If this is successful, then a similar approach could address cross-cutting digital issues like accessibility and vulnerability as well as privacy, while taking into account affordability, fairness and non-discrimination.
So although there is a wide set of cyber security standards currently available, there is still work for ISO in the Internet of Things. “The ISO/IEC 27001 family of standards are really good at helping organizations keep our information secure once it has been collected. But we need to develop solutions specifically targeting the risks raised by IoT,” says Eisenegger. Standards are a powerful way of bringing these issues to the international agenda.
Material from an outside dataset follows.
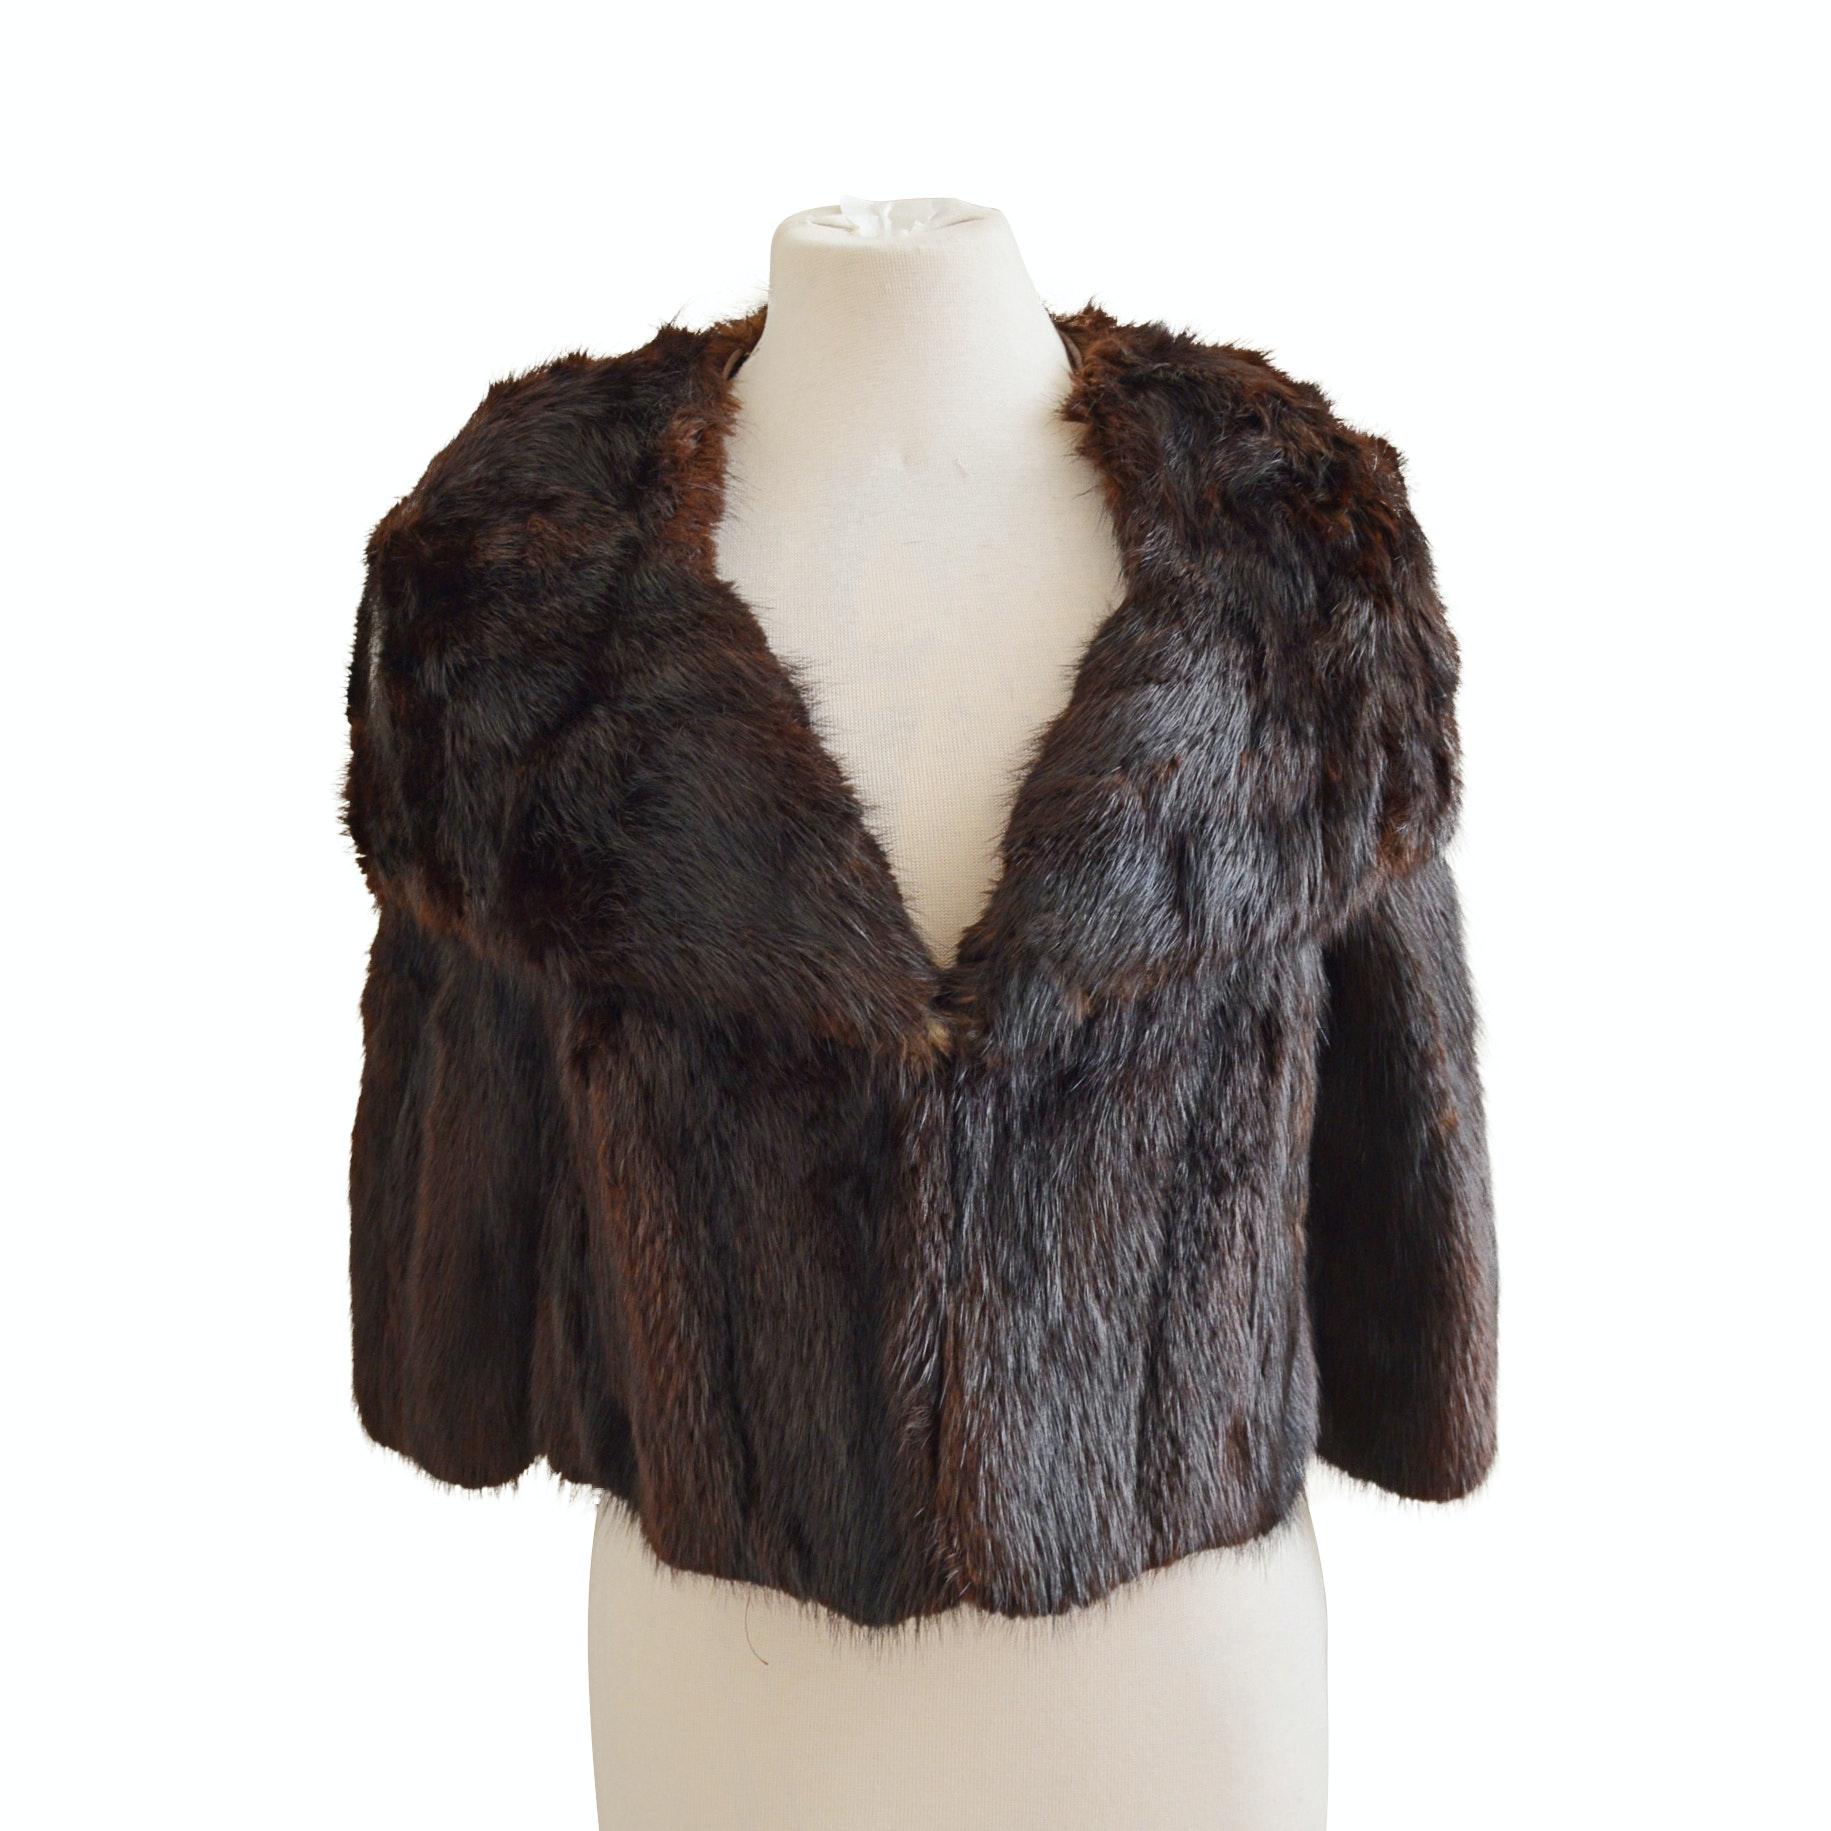 1940s-1950s Vintage Dyed Marten Fur Capelet

We can’t wait any longer to take action. Our homes, activities and personal information are now irreversibly intertwined and connected with those of billions of other people through everyday devices. The Internet of Things is taking privacy and security implications to a whole new level by effectively making who we are and what we do accessible online. To keep our lives safe from prying eyes, we need to close the door and put a lock on it.